Charter school shooting heightens calls for community action, say leaders

councilman kenyatta johnson
Councilman Kenyatta Johnson
Credit: File photo / Rikard Larma

Just days after a shooting at Delaware Valley Charter High School in Logan injured two students, a rally against gun violence in Gray’s Ferry is being planned for Martin Luther King Jr. Day.

City Councilman Kenyatta Johnson said in a statement that the school shooting, and two separate shootings that killed two men in Southwest Philadelphia just minutes apart and a few blocks from each other, drove him to organize the rally.

“When I learned that two students in North Philadelphia were shot inside their school it added to my growing concerns about the prevalence of gun violence throughout this city,” Johnson said in his statement. “Shootings involving young people in environments where they are supposed to be safe should be a major concern to all Philadelphians.”

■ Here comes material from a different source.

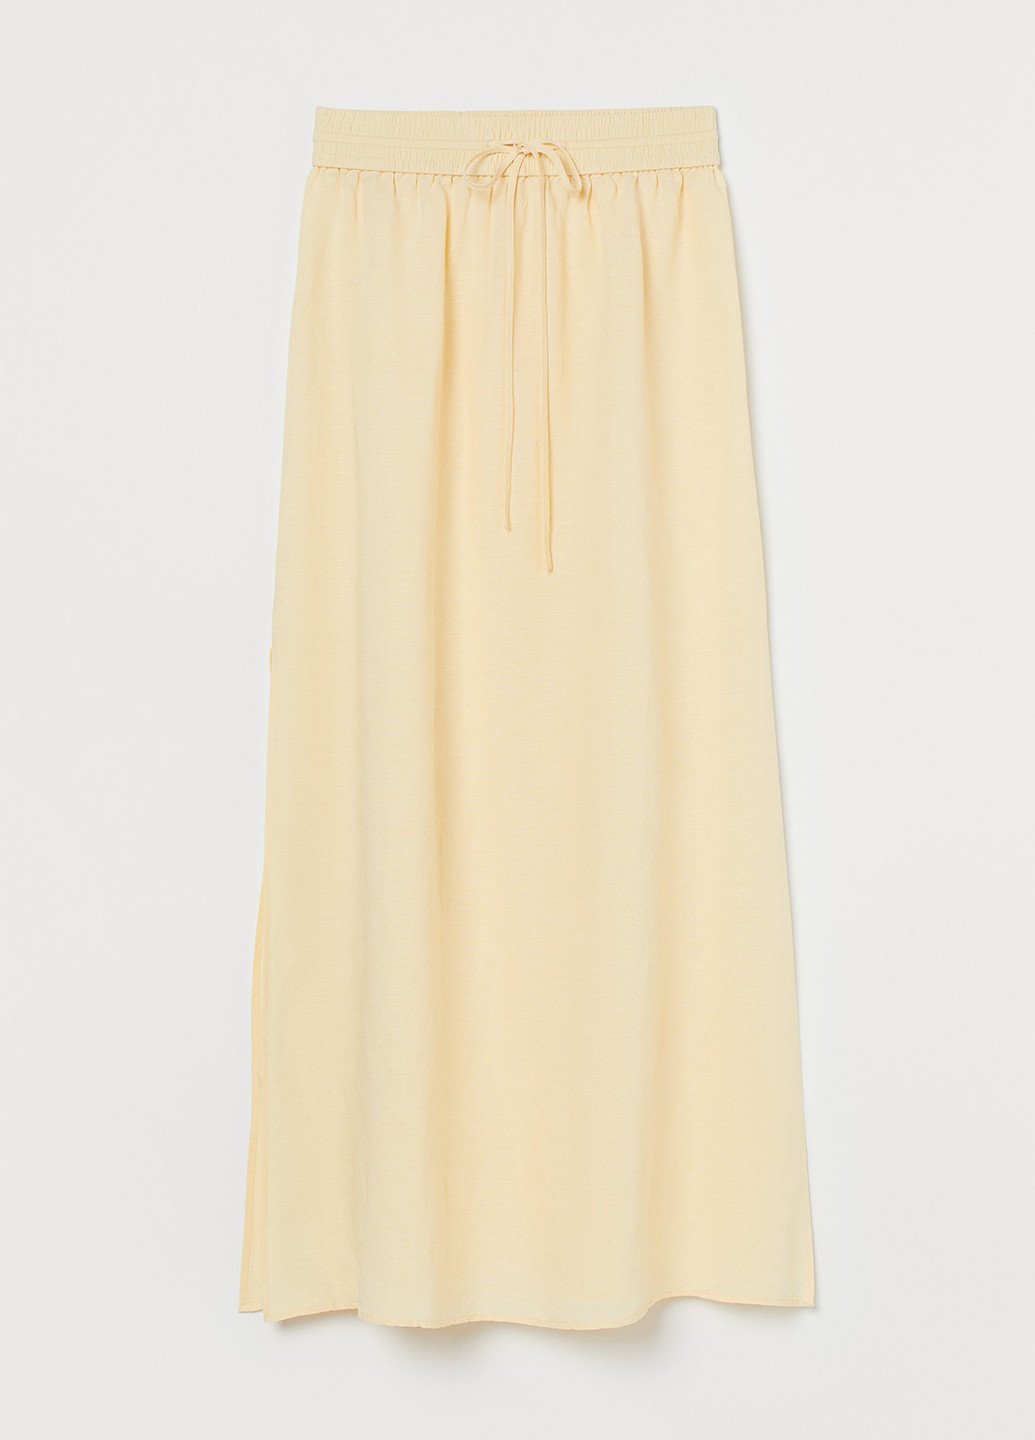 Светло-желтая кэжуал однотонная юбка H&M а-силуэта (трапеция)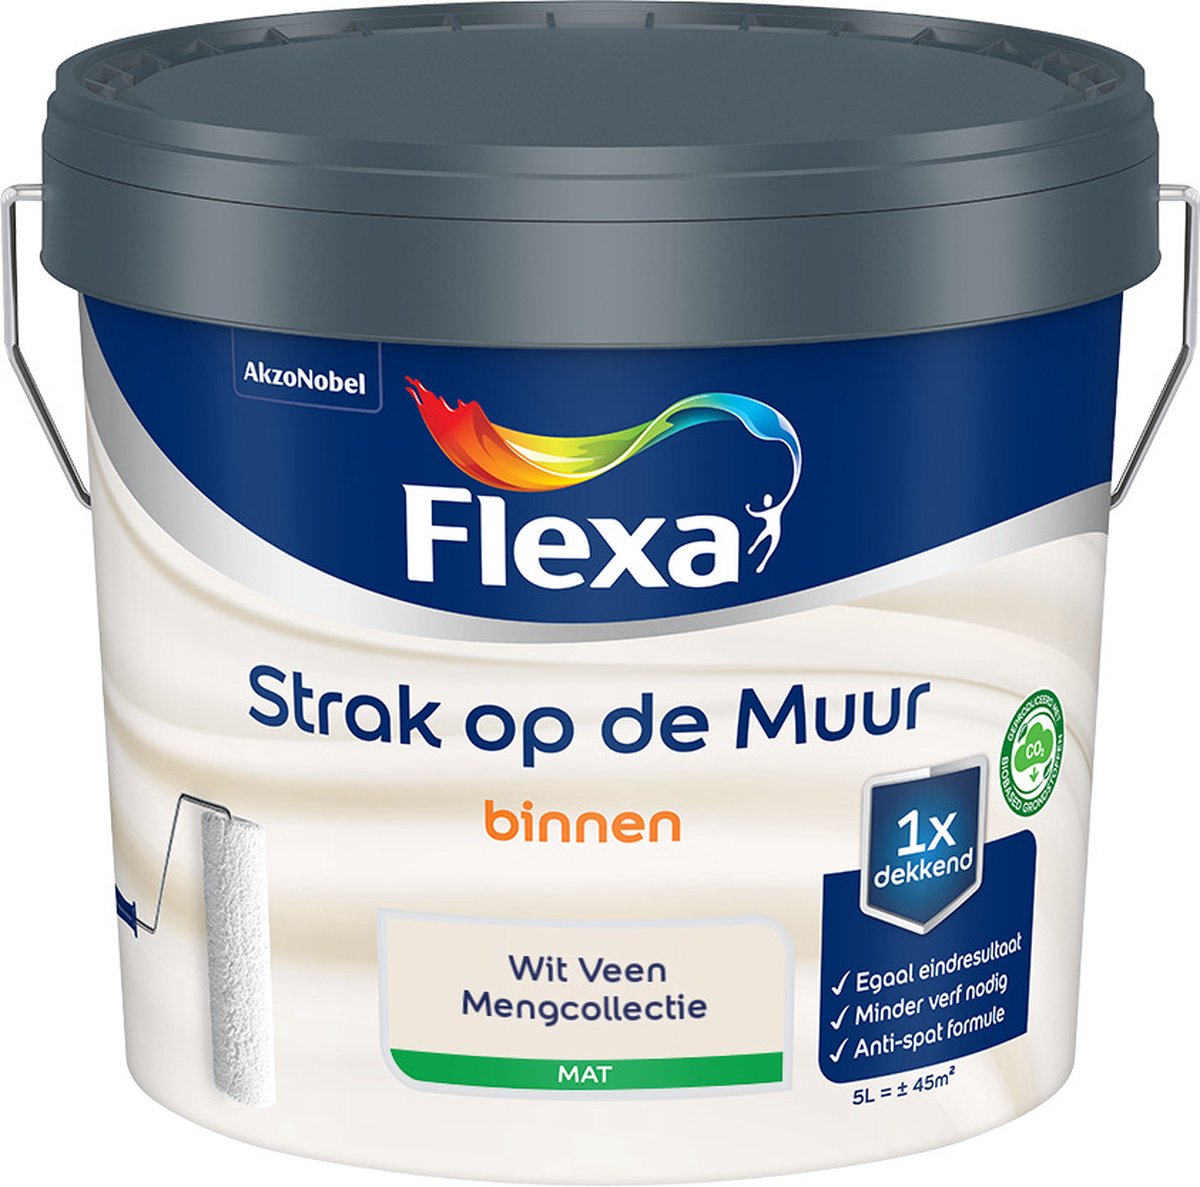 Flexa Strak op de muur - Muurverf - Mengcollectie - Wit Veen - 5 Liter

“My concerns continued to mount as we learned that same day two young men were killed by gun violence within minutes of each other in Southwest Philadelphia,” Johnson continued.

Johnson’s rally will involve community leaders and members of the 12th police district gathering at 61st Street and Buist Avenue at 2 p.m., the sight of one of Friday’s shootings in Gray’s Ferry. Afterwards the group will move to 62nd Street and Grays Avenue, the site of the second shooting, for a second rally.

Meanwhile, police have charged the shooter at Delaware Valley Charter as an adult for the shooting which left two of his classmates injured.

Raisheem Rochwell, 17, 7400 block of Rugby Street on the border of West Oak Lane and East Mount Airy, reportedly turned himself in to police.

Rochwell was charged Saturday with violation of the uniform firearms act, recklessly endangering another person and having a weapon on school property.

Police said that the incident occurred when a gun was fired just before 3:30 p.m., went through an 18-year-old female’s arm, and then hit a 17-year-old male in the shoulder.

A Philadelphia Police Department spokesperson decline to provide further details about the shooting today.

“I’m very thankful that the injuries weren’t more serious,” Shira Goodman, executive director of CeaseFirePA, said. “But how did that kid have a gun and how did it get in the school?”

Goodman said that the shooting shows that kids know how to get around school safety measures, and said steps need to be taken in Harrisburg to reduce the number of guns in the city.

“If you put your kids in school in the morning, you don’t want to pick them up in a hospital,” Goodman said. “That’s as true for kids in the toughest neighborhoods in Philly as it was for the parents in Newtown, Connecticut.”